Glucagon-like peptide 1 receptor (or GLP-1R) agonists are recognised as a frontline treatment for diabetes. Researchers have recently been developing the next generation of treatment for diabetes which target GLP-1R and another protein called gastric inhibitory polypeptide (or GIP) at the same time. These combination drugs are referred to as ‘dual agonists’. Now, in Cure Parkinson’s funded research, scientists are testing if dual agonists offer potential as a treatment for Parkinson’s.

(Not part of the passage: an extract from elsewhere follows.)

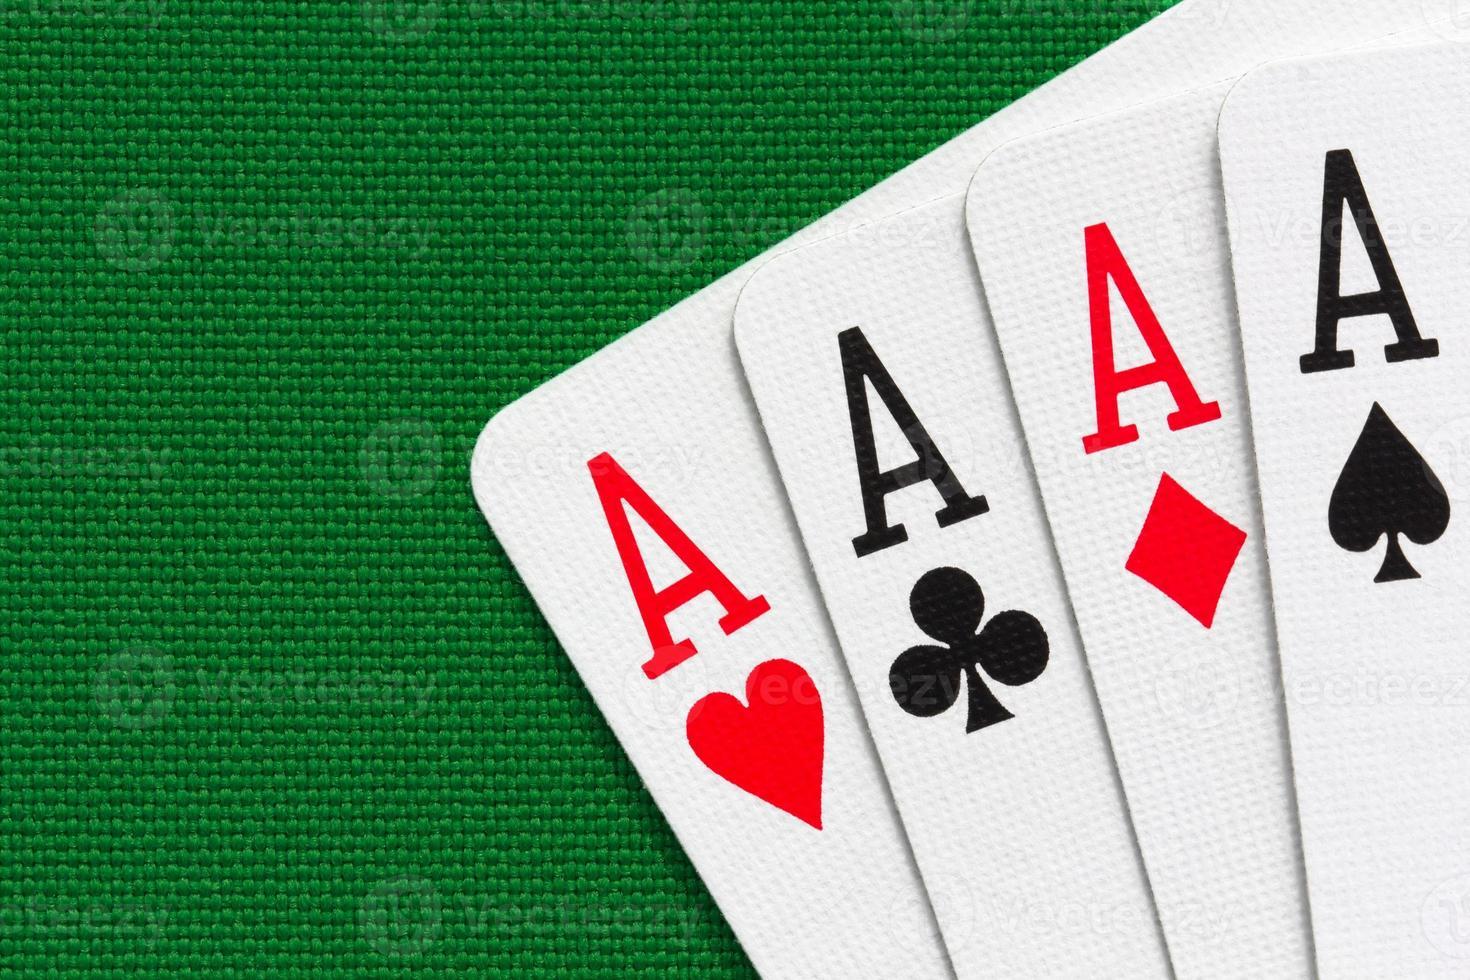 quattro assi su sfondo verde tessile foto

GLP-1R and GIP agonists are drugs that mimic naturally occurring gut hormones which stimulate the release of insulin from the pancreas. GLP-1R agonists are widely used in the treatment of diabetes, helping the body to manage blood sugar levels. They have also been shown to have neuroprotective effects in the brain.

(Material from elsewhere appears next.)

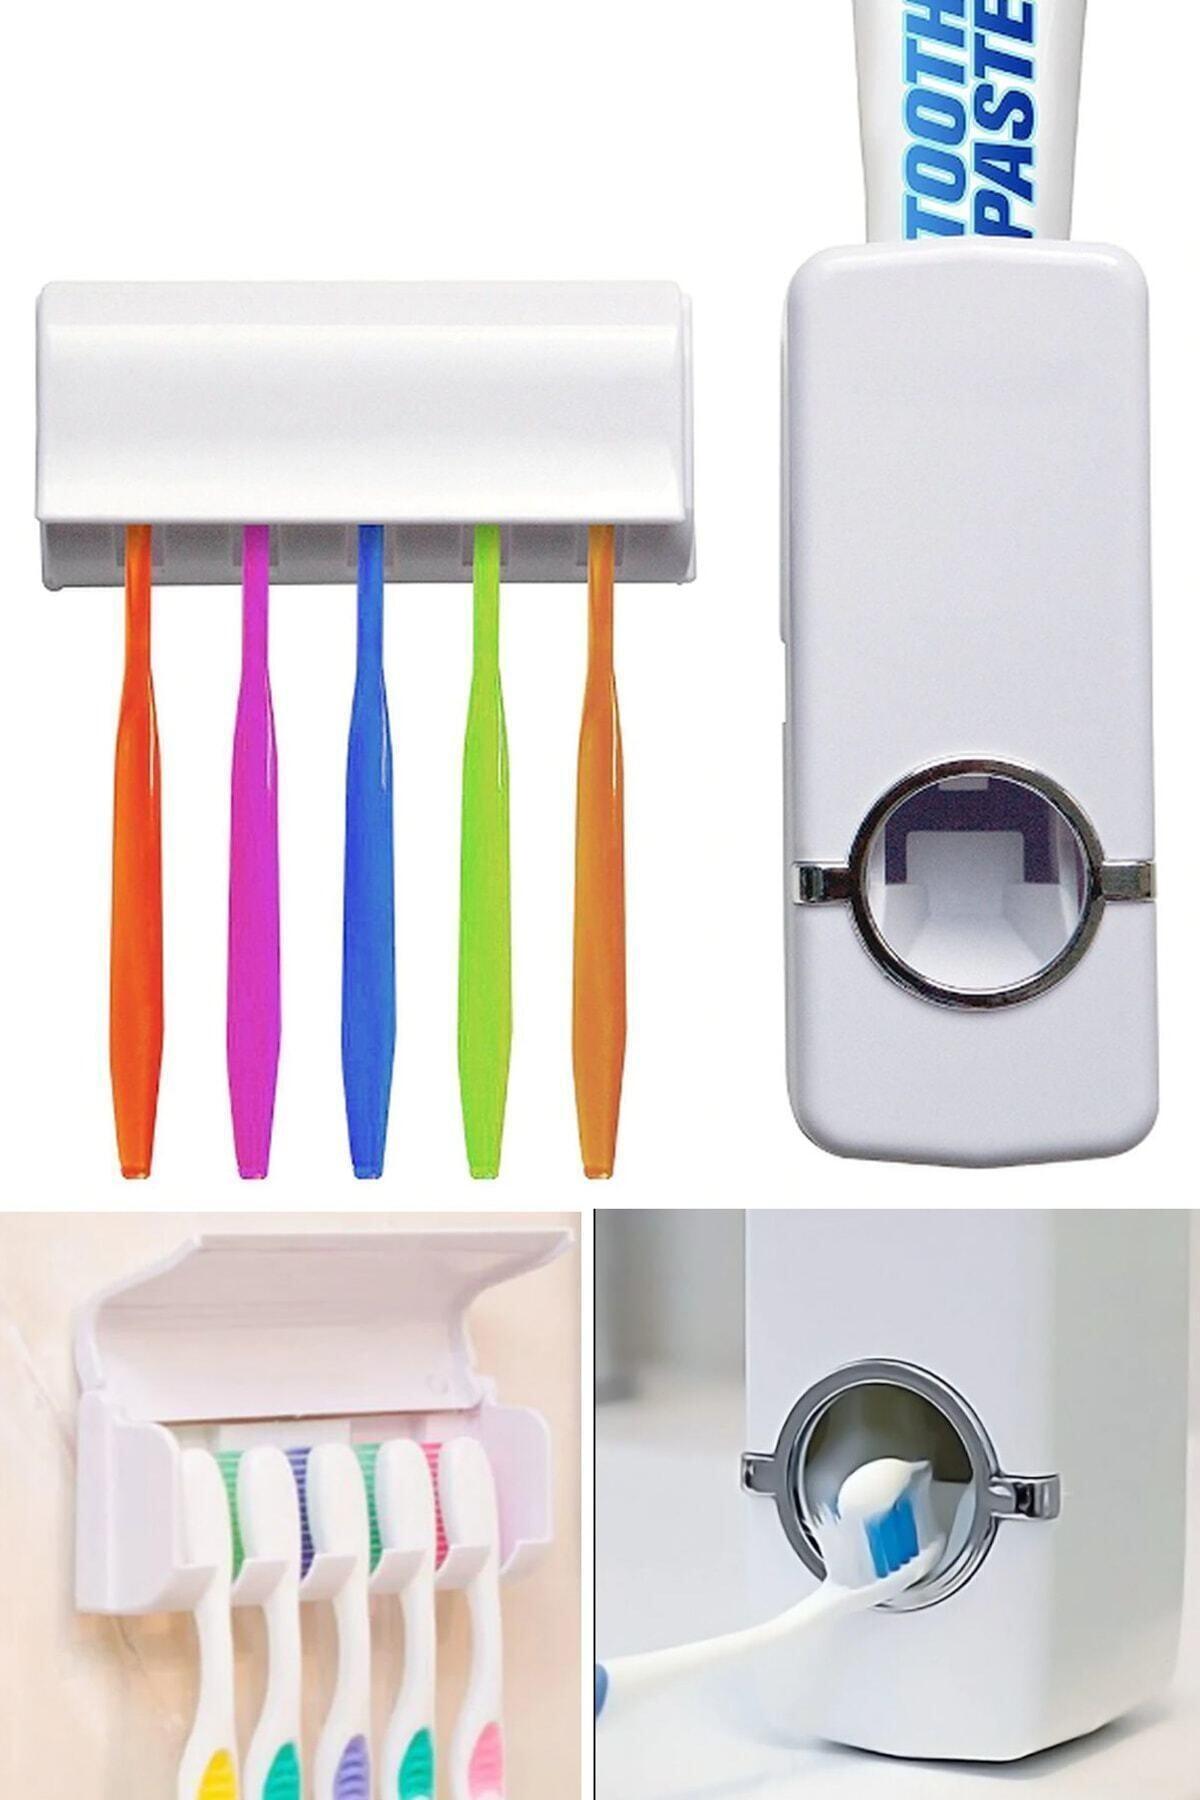 Arsimo Diş Macunu Sıkacağı Diş Fırçalığı 5 Adet Diş Fırçası Tutuculu 1

Exenatide is a GLP-1 agonist and in models of Parkinson’s, exenatide has shown to improve dopamine nerve cell function, reduce inflammation, improve energy production and switch on brain cell survival signals. Researchers are now trying to uncover if all of these effects also occur in humans, while simultaneously assessing exenatide’s impact on the day-to-day symptoms and progression of Parkinson’s.

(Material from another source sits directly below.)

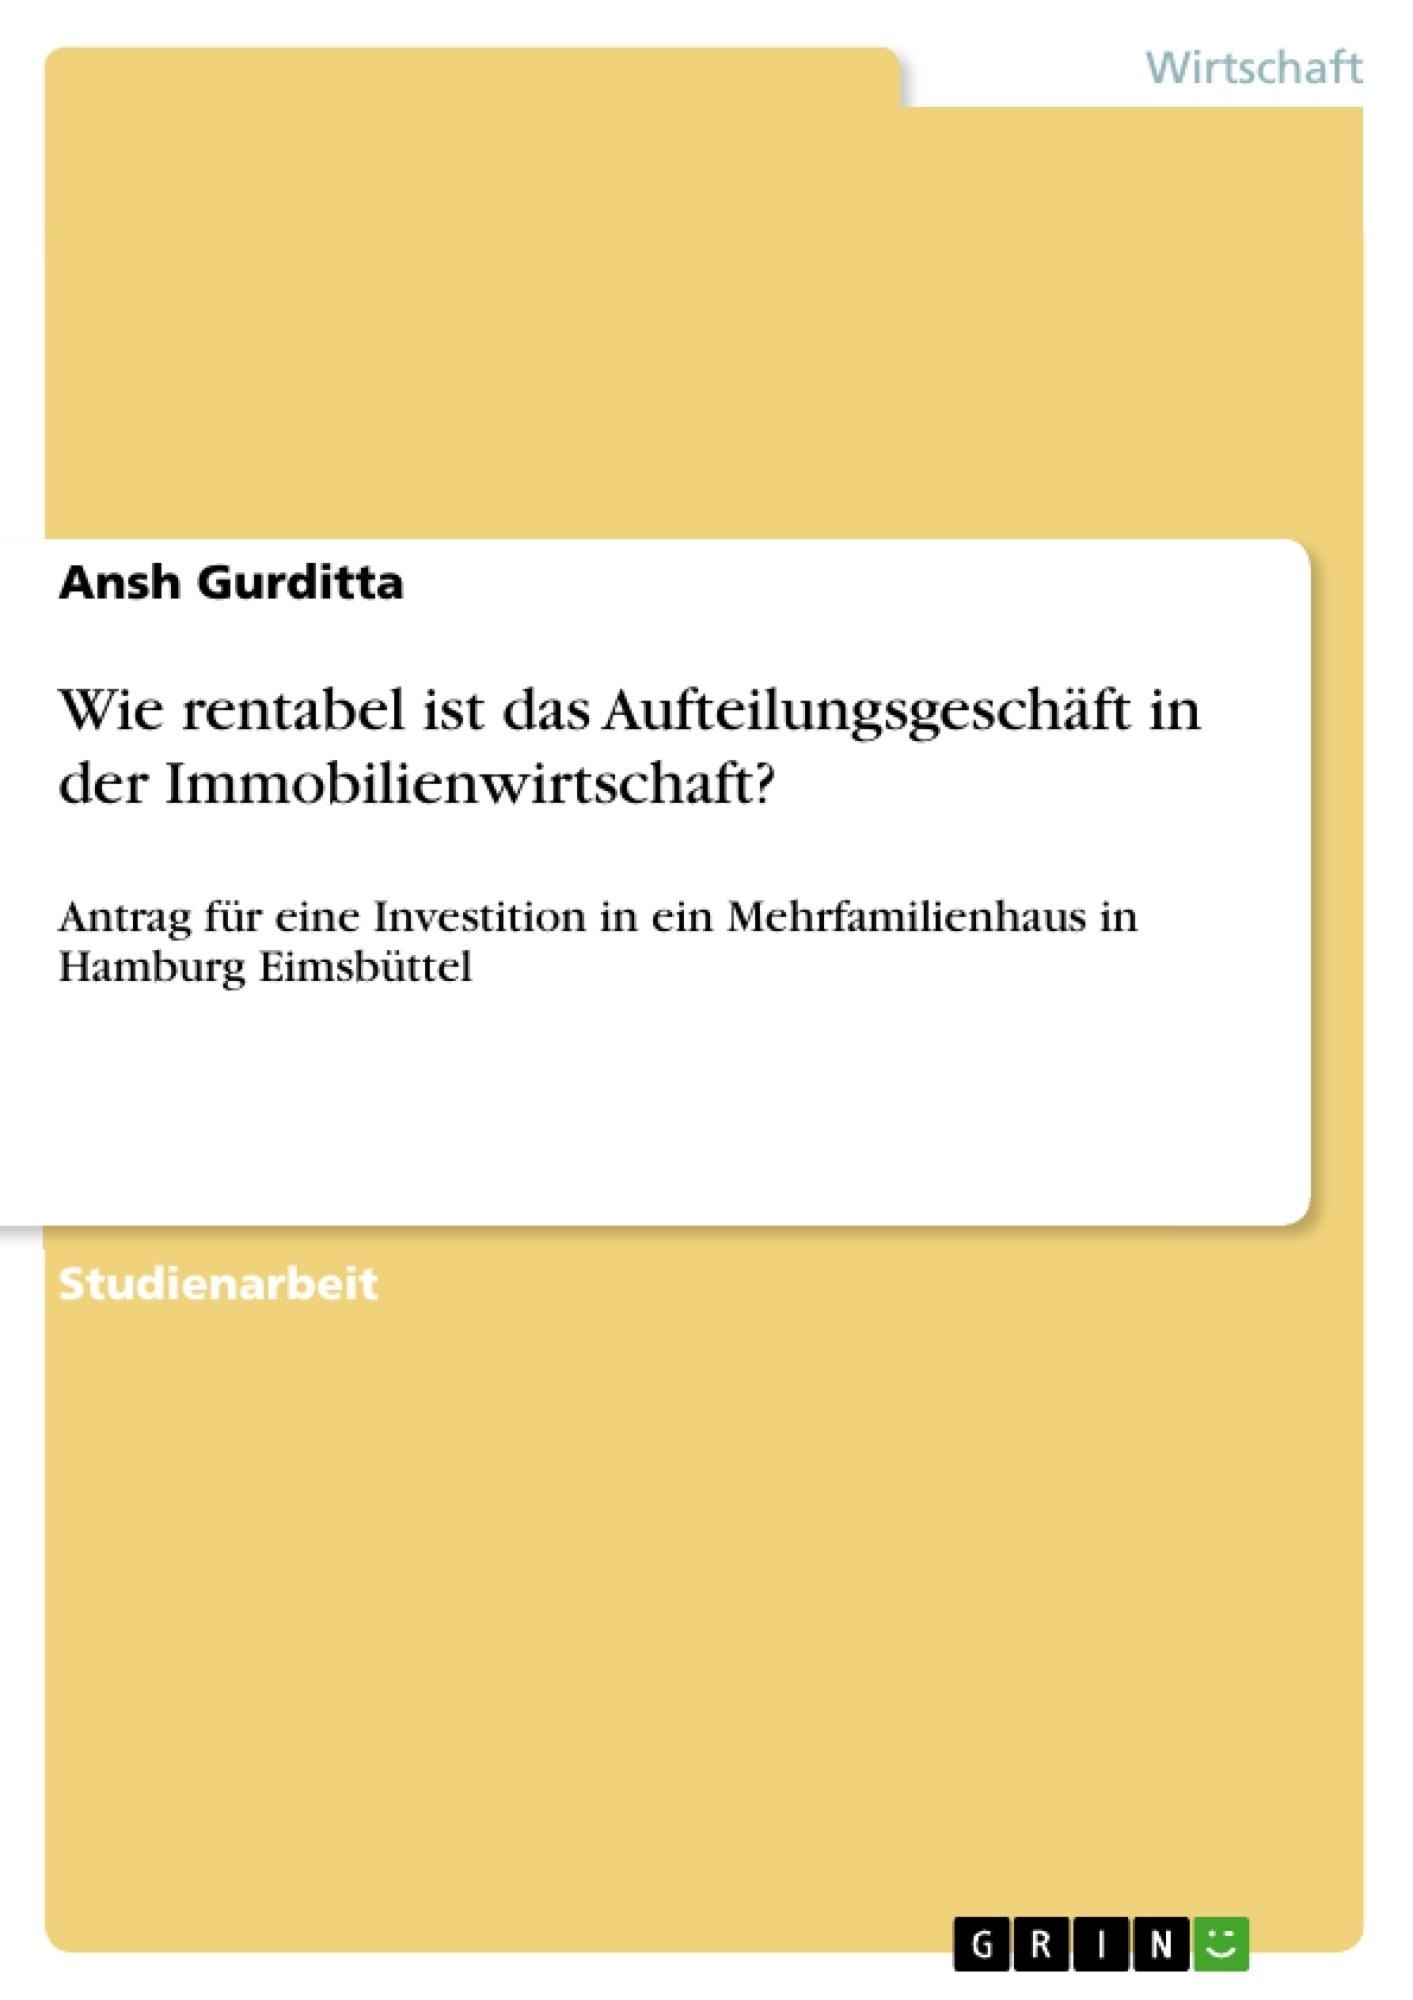 Hausarbeit immobilienwirtschaft akadem traduction

GIP agonists are a new class of experimental drugs being developed for diabetes. They too have displayed neuroprotective properties in models of neurodegenerative conditions, which has led researchers to begin developing ‘dual agonists’, which combine the beneficial effects of both GLP-1R and GIP agonists.

Having played an important role in the phase 2 clinical trial of exenatide in Parkinson’s, Dr Dilan Athauda at University College, London will now assess the potential of using GLP-1R/GIP dual agonists as future treatments for Parkinson’s. Dual agonists are now being clinically tested for the treatment of diabetes, and Dr. Athauda will test this new class of drug in the laboratory using induced pluripotent stem cells (iPSC) to explore whether the GLP-1R and GIP agonists together are better at treating Parkinson’s than the GLP-1 receptor agonists alone. The project will test the best dual GLP/GIP agonist combination which can then, it is hoped, move into trials involving people with Parkinson’s as soon as possible.